Problem:
Print the lines in the listing below starting at the line with "Best Wallpaper Logo" and ending at the line with "Syracuse China Syralite", both included. Reproduce them exactly and omit every picture.

*** Opening of Given information ***

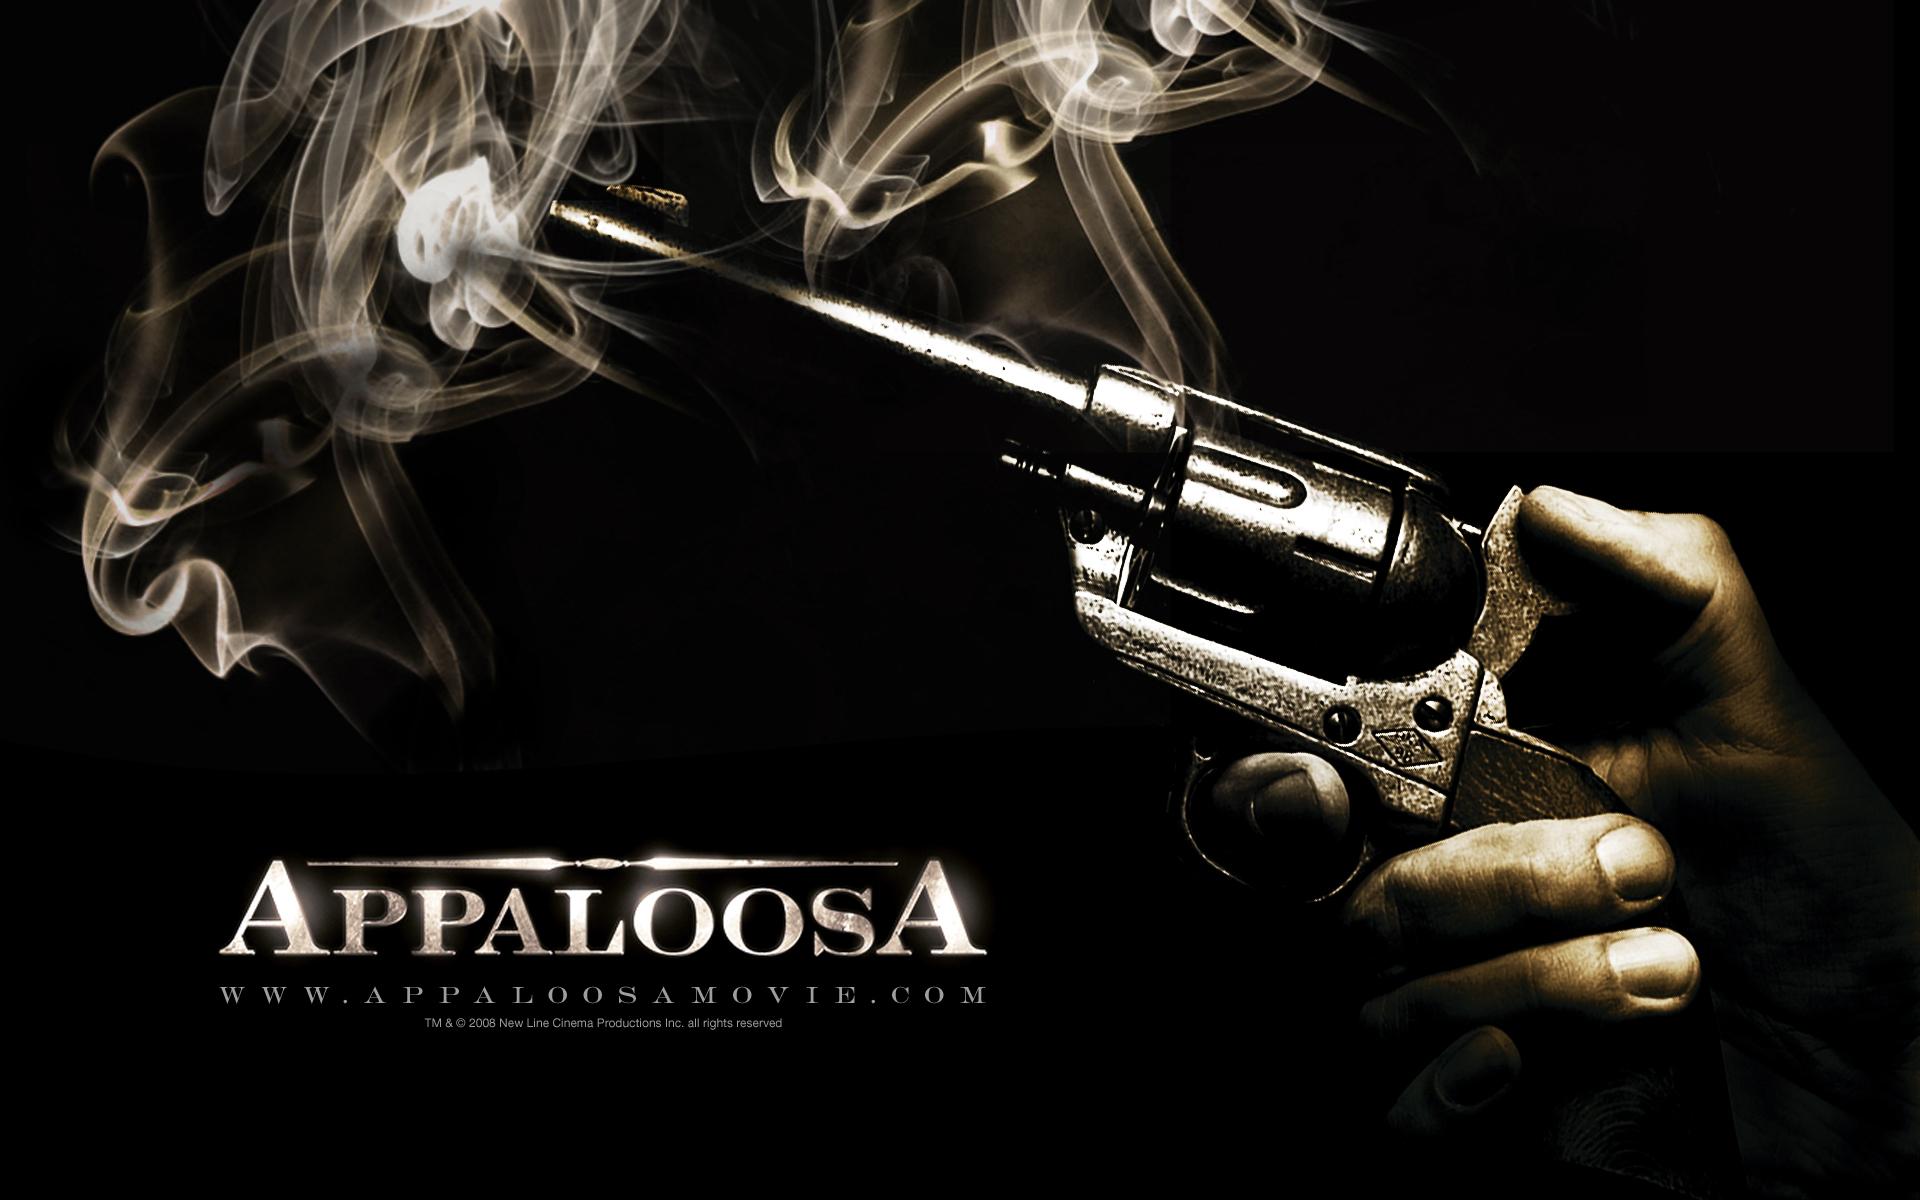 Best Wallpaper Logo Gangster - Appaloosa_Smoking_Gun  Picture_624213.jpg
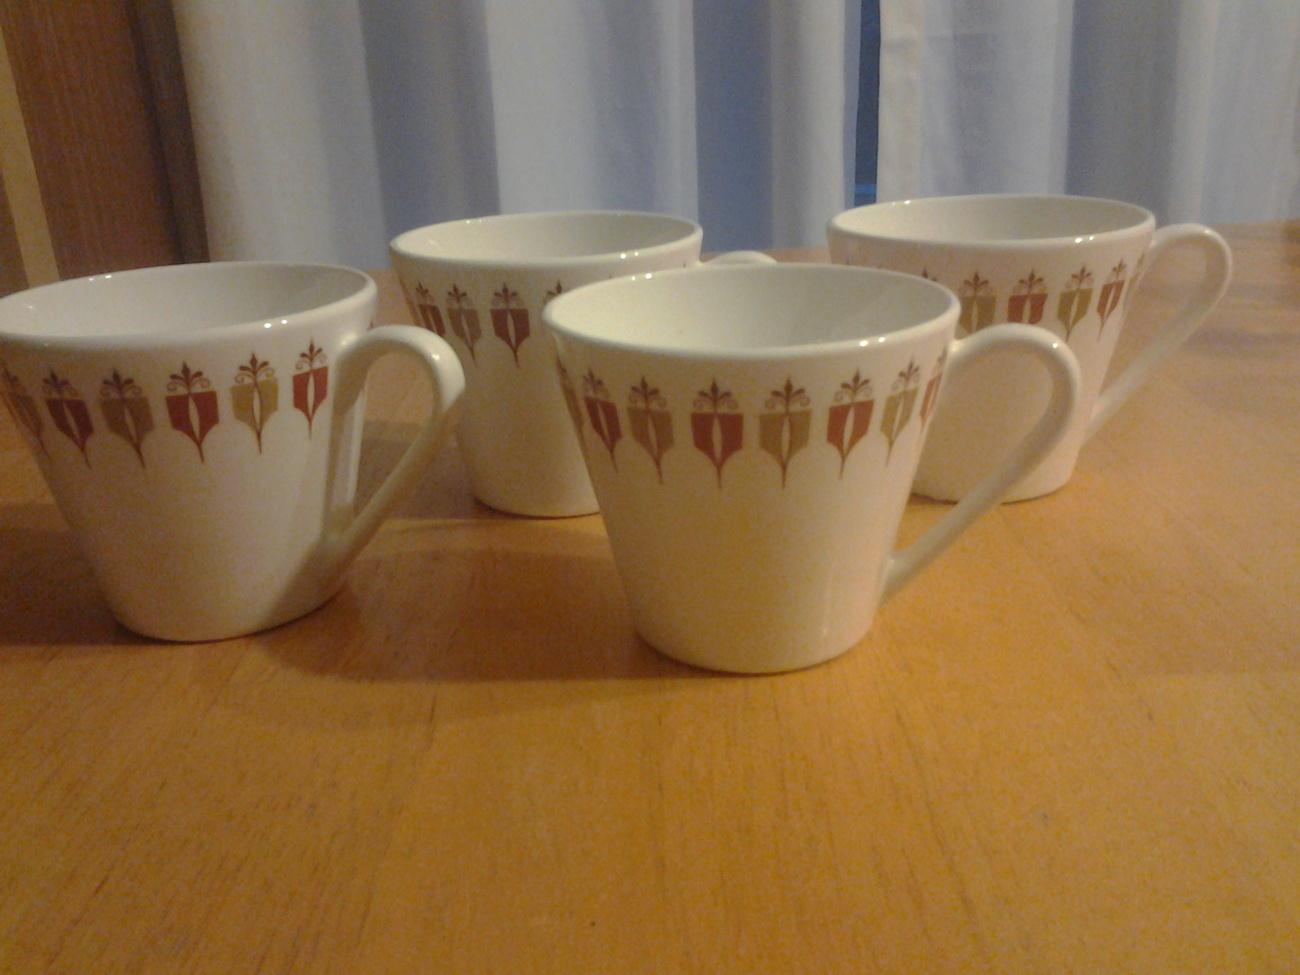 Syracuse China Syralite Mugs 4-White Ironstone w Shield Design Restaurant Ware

*** Close of Given information ***
*** Opening of Given information ***

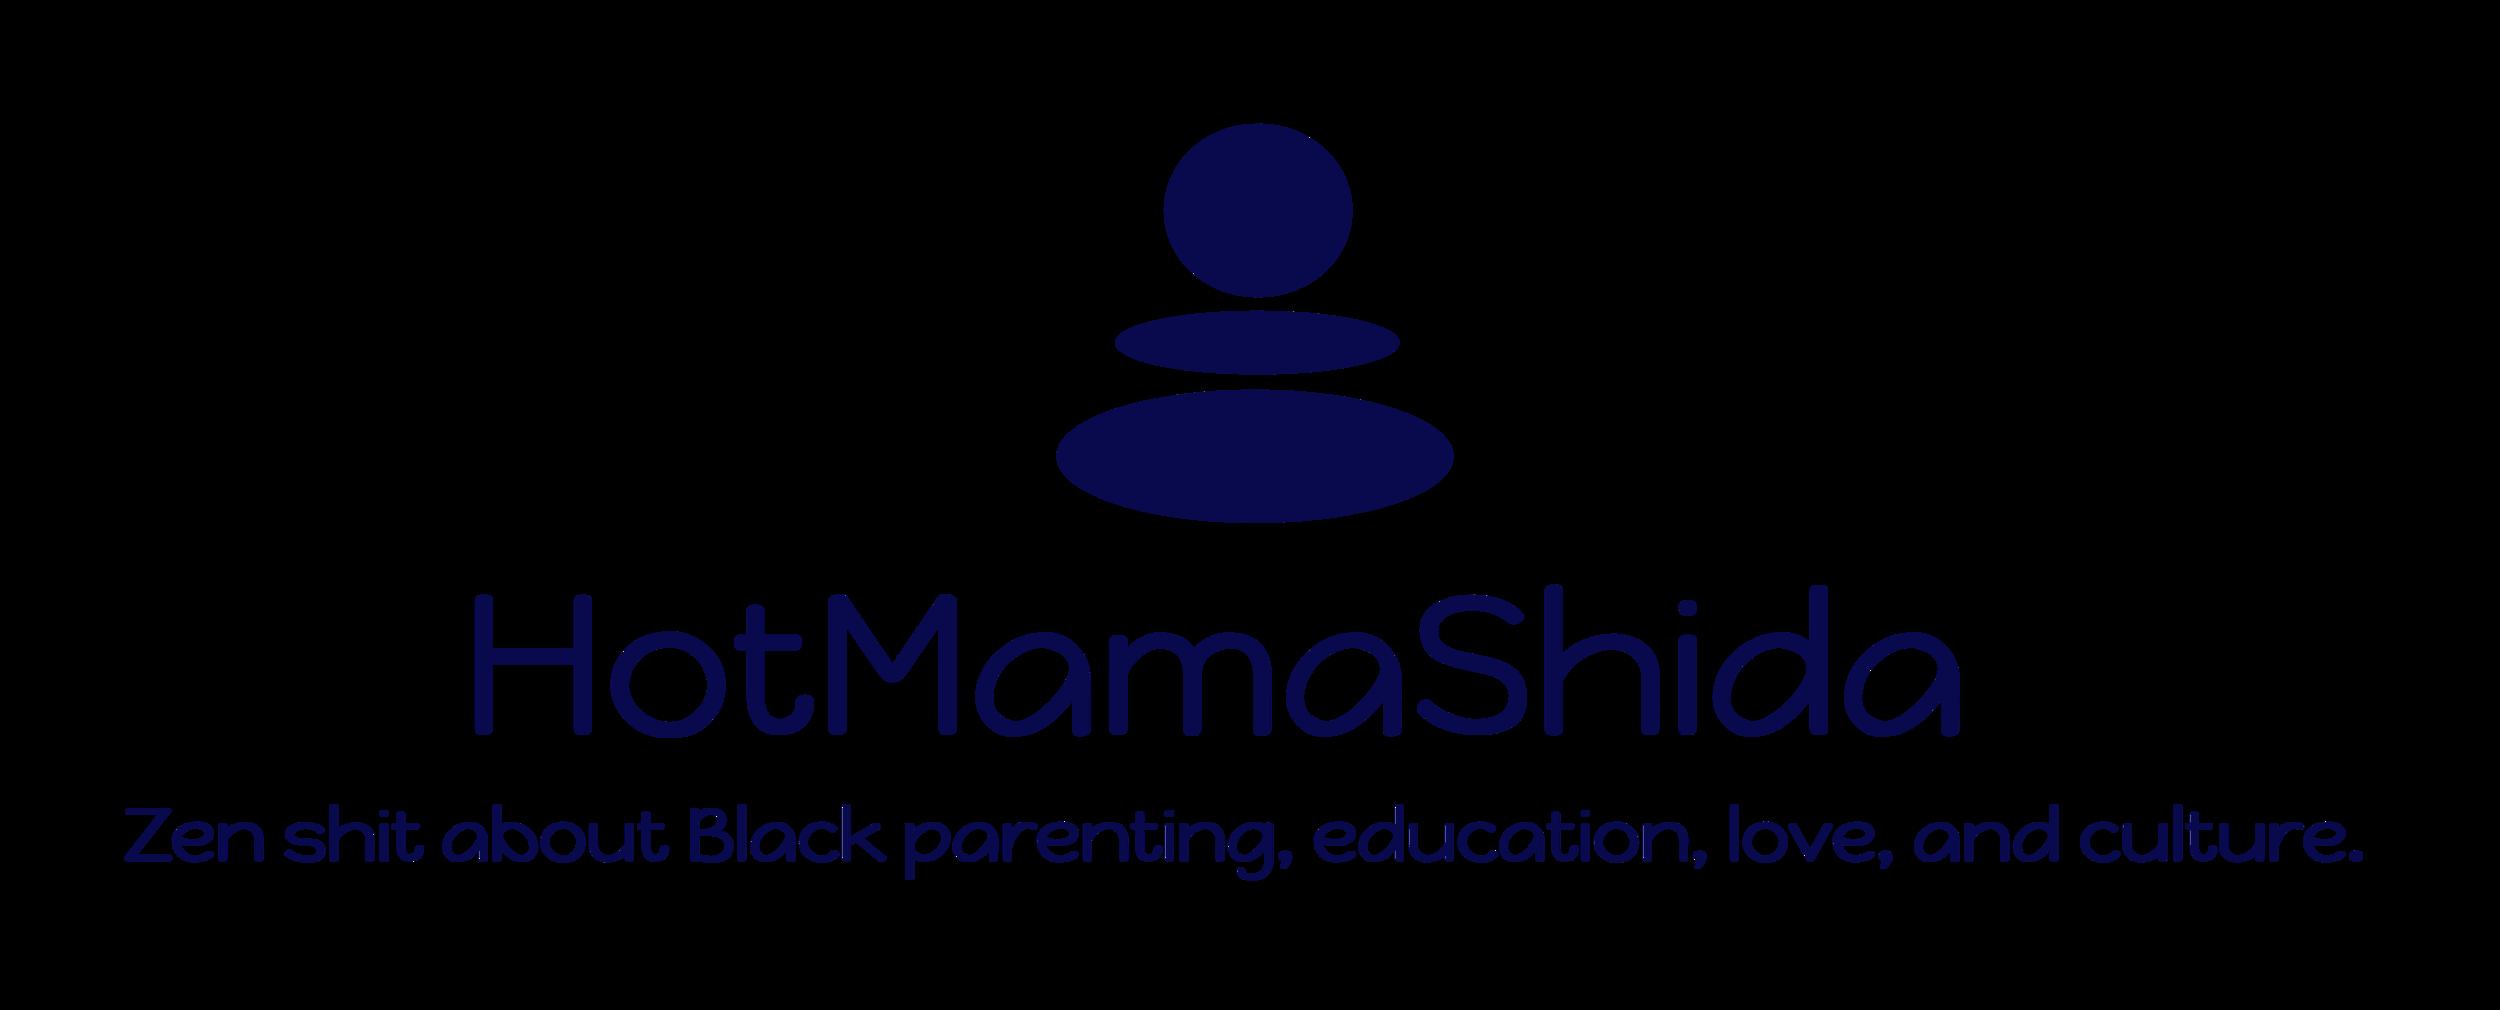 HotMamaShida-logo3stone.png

*** Close of Given information ***
*** Opening of Given information ***

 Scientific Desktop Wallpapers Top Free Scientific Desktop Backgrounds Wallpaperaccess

*** Close of Given information ***

Answer:
 Best Wallpaper Logo Gangster - Appaloosa_Smoking_Gun  Picture_624213.jpg
 Syracuse China Syralite Mugs 4-White Ironstone w Shield Design Restaurant Ware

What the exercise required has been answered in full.